The book Paul McCarthy beautifully designed, generous color illustrations, and large format presentation, is a scholarly documenation of an enigmatic artist who employs plastic prosthetics, processed foods as body fluids and overt sexual behavior in his own creative process.

McCarthy's extensive output of performance, video and sculptural works are described in intelligently parceled chapters: INTERVIEW, SURVEY, FOCUS, ARTIST'S WRITINGS, CHRONOLOGY and ARTIST'S CHOICE. The latter section is McCarthy's own rendition of Jean-Paul Sartre's NAUSEA from which McCarthy spliced fragments from the original text. These selections, perhaps unwitting, reveal McCarthy's visceral core.
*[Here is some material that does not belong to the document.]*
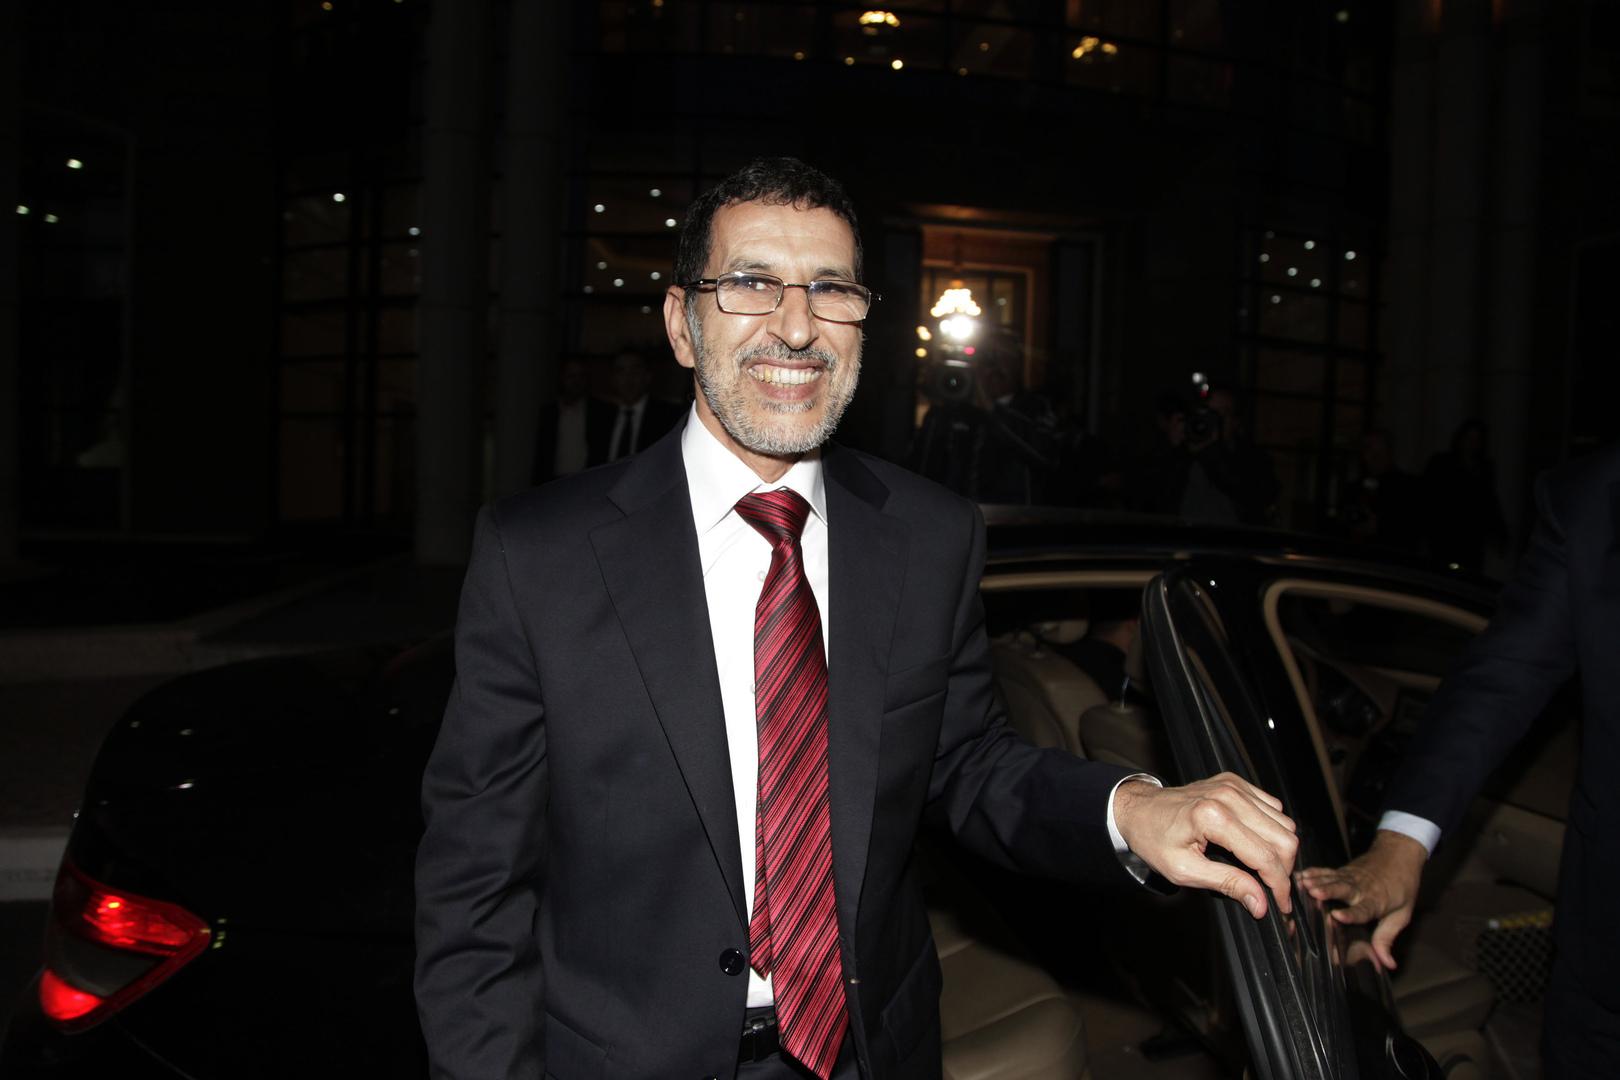 رئيس الوزراء المغربي: عودة العلاقات مع الجزائر أمر محتوم وضروري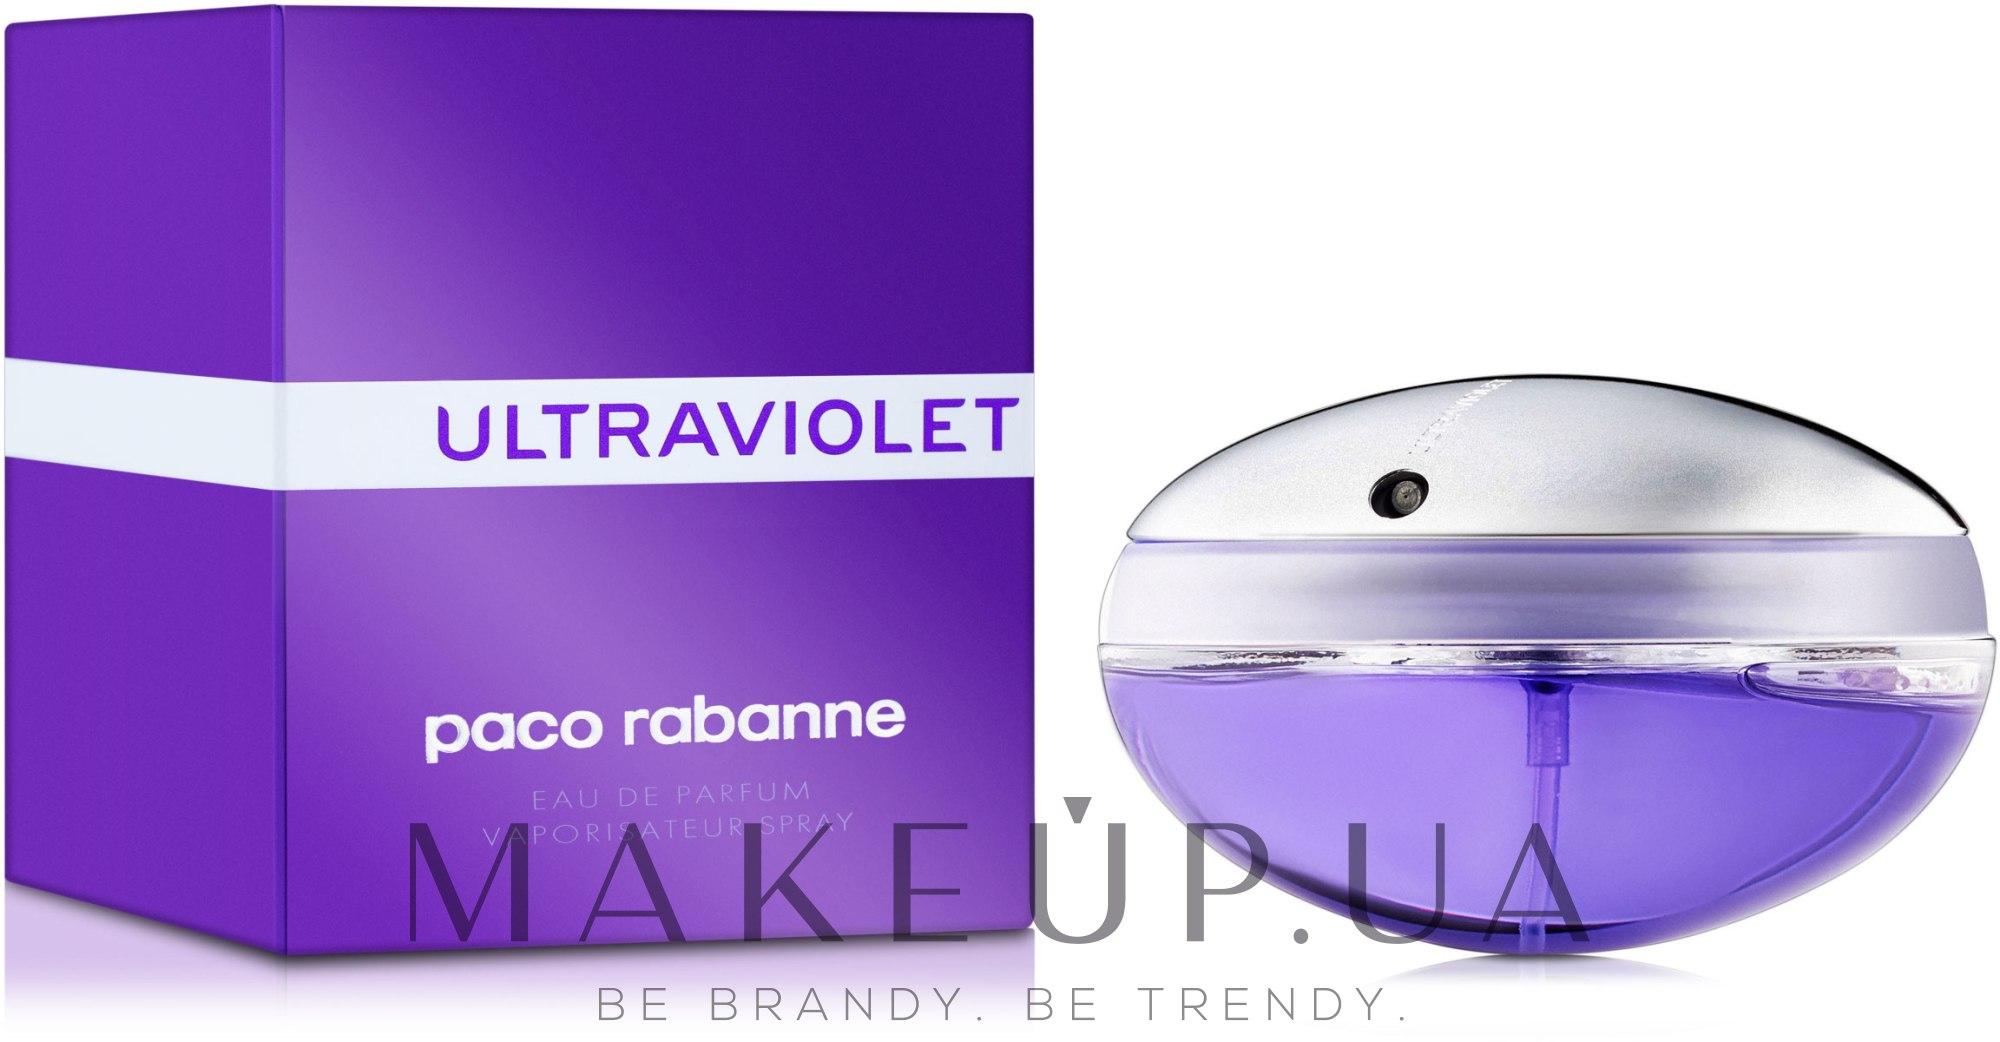 Paco Ultraviolet Paco Ultraviolet Paco Rabanne Rabanne v8Nnm0w

Kristine Stiles, in her INTERVIEW with McCarthy, attempts to probe beyond the props into his mysterious center by focusing on questions of latent violence and beauty. This exchange between interviewer and interviewee, in which the roles occasionally interchange, creates a tension of hide and seek, resolve and dissolve. He wants to control what his audience sees a la Du Champ's ETANTS DONNE. She wants to go beyond. She is not diverted by his use of metonymical devices. Ketchup for blood appears to be a constant.

I suggest they both look at his selected excerpts from Jean-Paul Sartre's Nausea.

Ralph Rugoff in this excellent SURVEY of incestuous and absurd couplings places the theme of violence within the context of social conditioning by family and media. His skillful descriptions of the complex work gracefully weave in and out of fine art references that clarify the illustrations. Rugoff sees Paul McCarthy as "master of the taboo-smash".

I see the work distinctly related to tribal rituals that induce vomiting, nose-penile association, skin stretching, tree-mating and the pig man.

The book, Paul McCarthy is a tour de force about a controversial yet important artist of Beuysian tradition.